LB Jack Kiser, Notre Dame

During pregame for USF versus Notre Dame, it was made known that the Irish would be without eight players for the game for undisclosed reasons (i.e., either injury or COVID-19). Two of whom were Shayne Simon and Marist Liufau, who were the first- and second-string players at Buck linebacker. This forced Notre Dame to thrust Jack Kiser, a redshirt freshman and 2018 Indiana Mr. Football, into starting action last minute, and the results were a lot better than expected. Kiser made four big defensive stops within his first 11 plays (one in coverage and three against the run), which led him to produce a 90.0 PFF grade in the first two quarters of action against the Bulls. That right there is the pure definition of a secret superstar.


A game-saving Peanut Punch

Marshall came into this game underdogs and had App State on the ropes early in the fourth quarter. They led them 17-7 at the time and had just forced a fourth-and-inches in the Thundering Herd's territory. App State lined up in 13 personnel and made it seem a dive was certainly coming. Then this happened:

For a few seconds, Marshall's chances at an upset looked like they were crumbling away. But safety Brandon Drayton came to the rescue by giving tight end Mike Evans a peanut punch, which saved the game. Drayton, a fifth-year senior, had played over 1,500 snaps for Marshall in his career prior to this, but this is the play of his career. 


The SEC is BACK.

While the conference's two best teams, Alabama and Georgia, have walks in the park (Missouri and Arkansas), there are some great matchups in Week 4. 
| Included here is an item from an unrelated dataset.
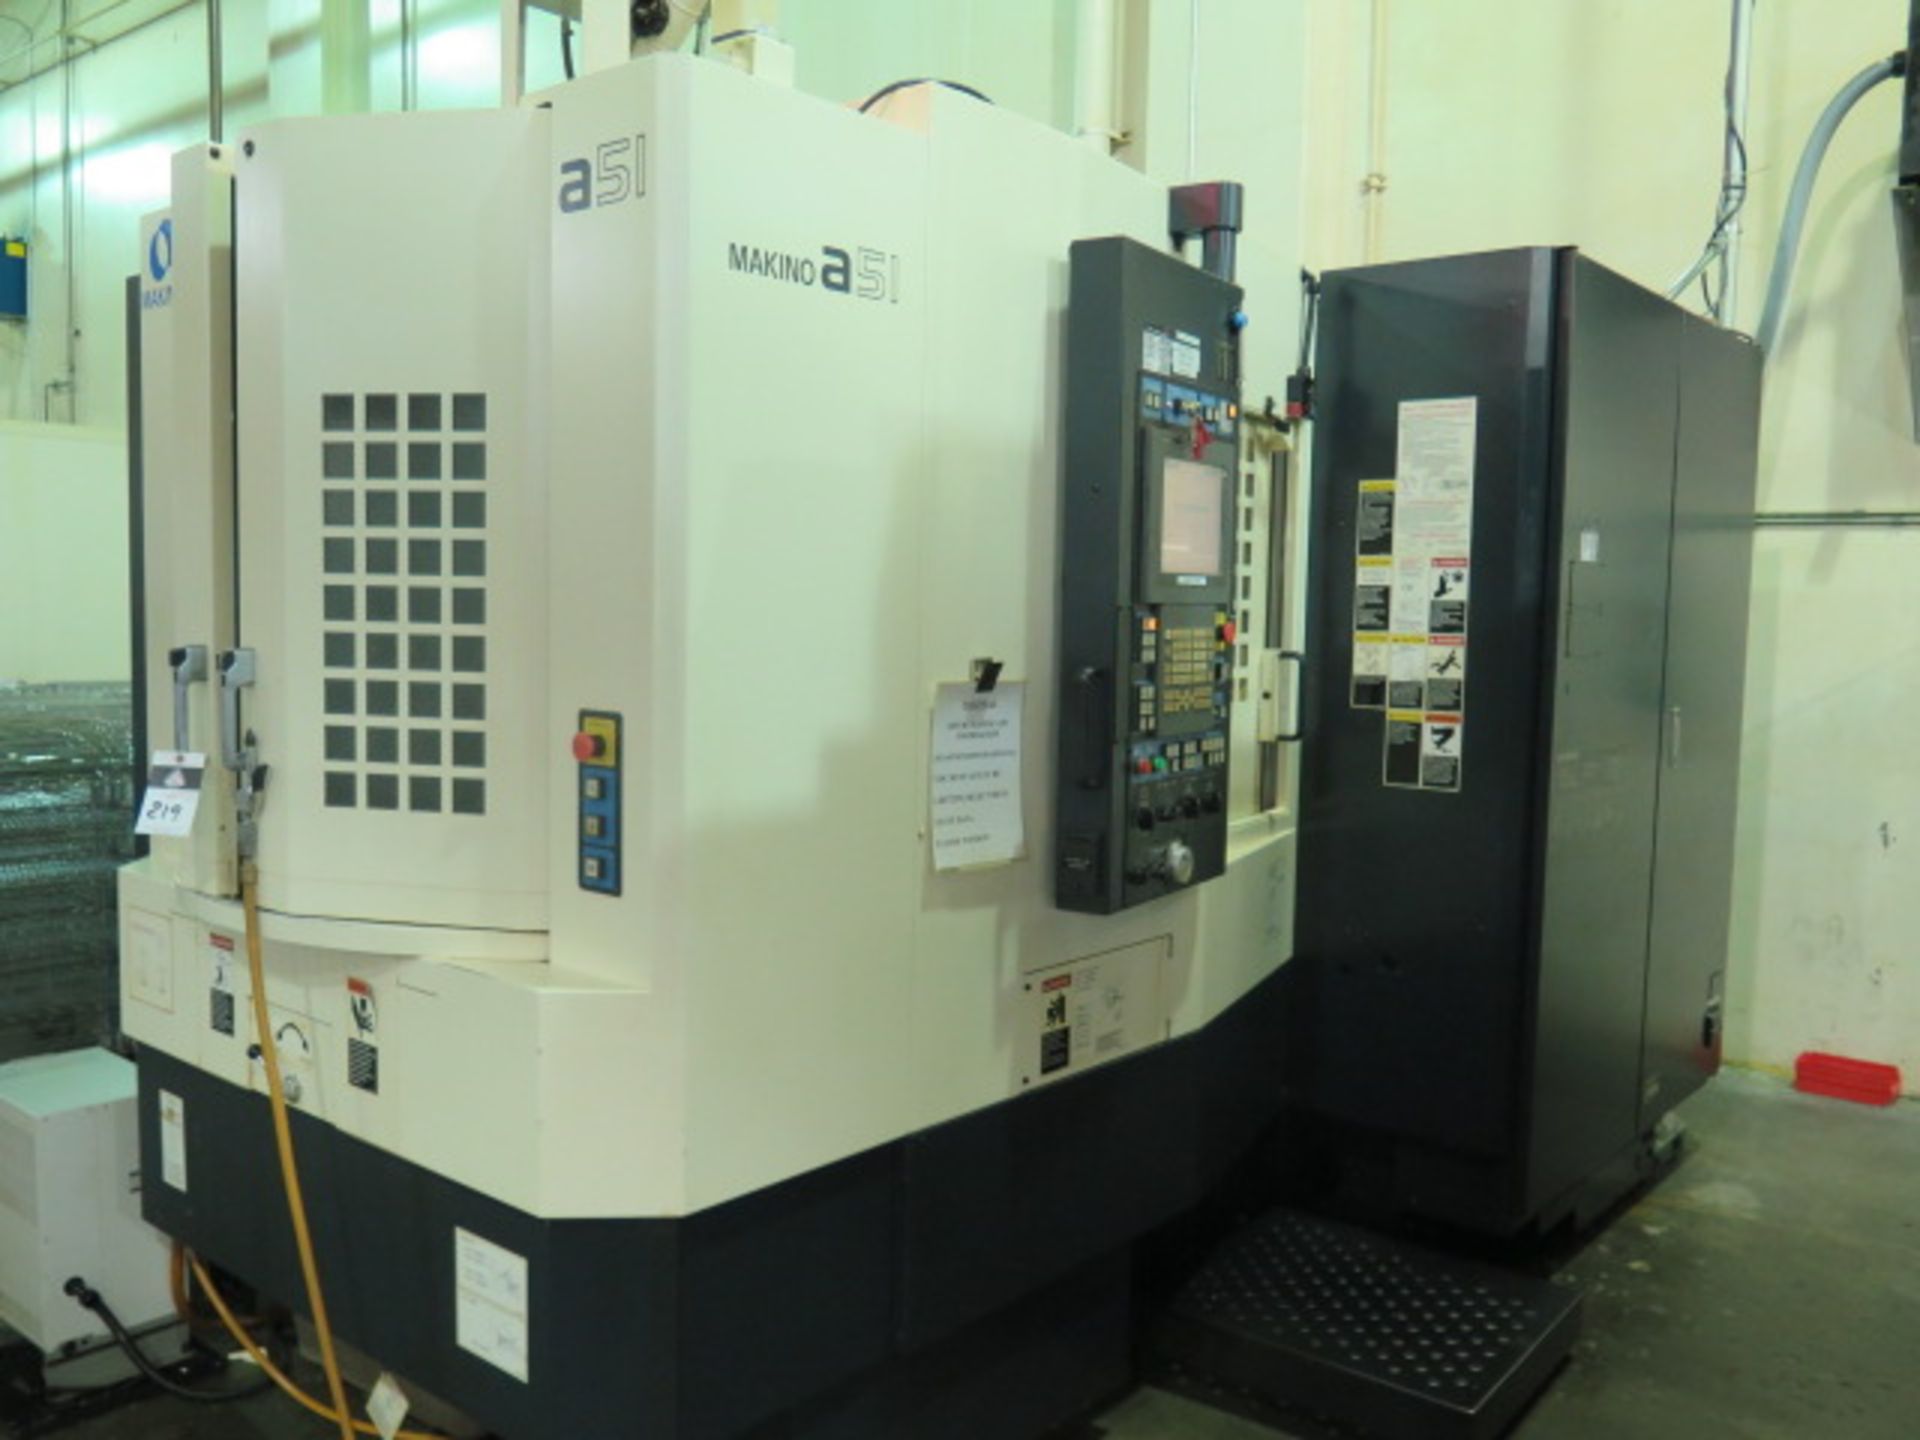 Makino a51 2-Pallet 4-Axis CNC HMC s/n 1617 w/ Makino “Professional 5 Control, SOLD AS IS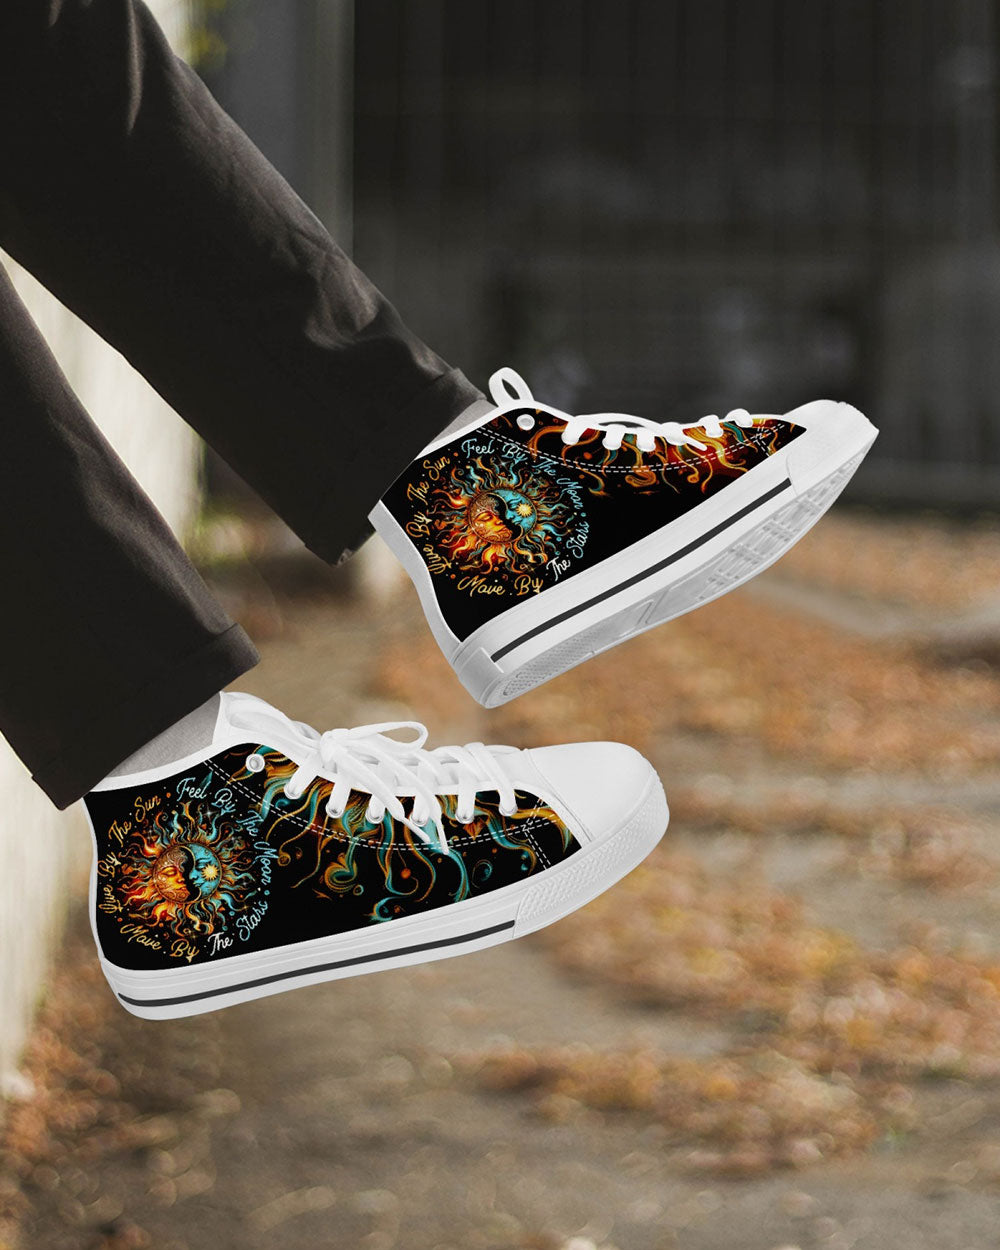 LIVE BY THE SUN HIGH TOP CANVAS SHOES - TY0403235

The most intriguing will be Mike Leach's Mississippi State debut against the reigning national champions, LSU. Leach's infamous Air Raid attack had his Washington State Cougars passing on 83% of their plays in 2019, over 15 percentage points higher than any other Power 5 school. Meanwhile, Mississippi State sat at 48%, 95th in the FBS. This ought to be a fun change to watch.

LSU, on the other hand, lost nearly every key piece from its historic 2019 squad. They do return the most valuable non-quarterback of the 2019 season in cornerback Derek Stingley Jr., though.

We also get the game of the week coming from the SEC, as the Kentucky Wildcats take on the Auburn Tigers. True sophomore Bo Nix looks to make a Year 2 jump after struggling in 2019. And while he may have won SEC Freshman of the Year, he didn't play like it. Nix can do some damage on designed runs, but his passing ability is relatively nonexistent. He ranked 105th among 130 FBS quarterbacks in 2019 and wasn't great on schemed plays like RPOs and play action. And it's not going to be very easy for him out of the gate, as he faces a Kentucky defense that came in at ninth in the FBS in our preseason rankings.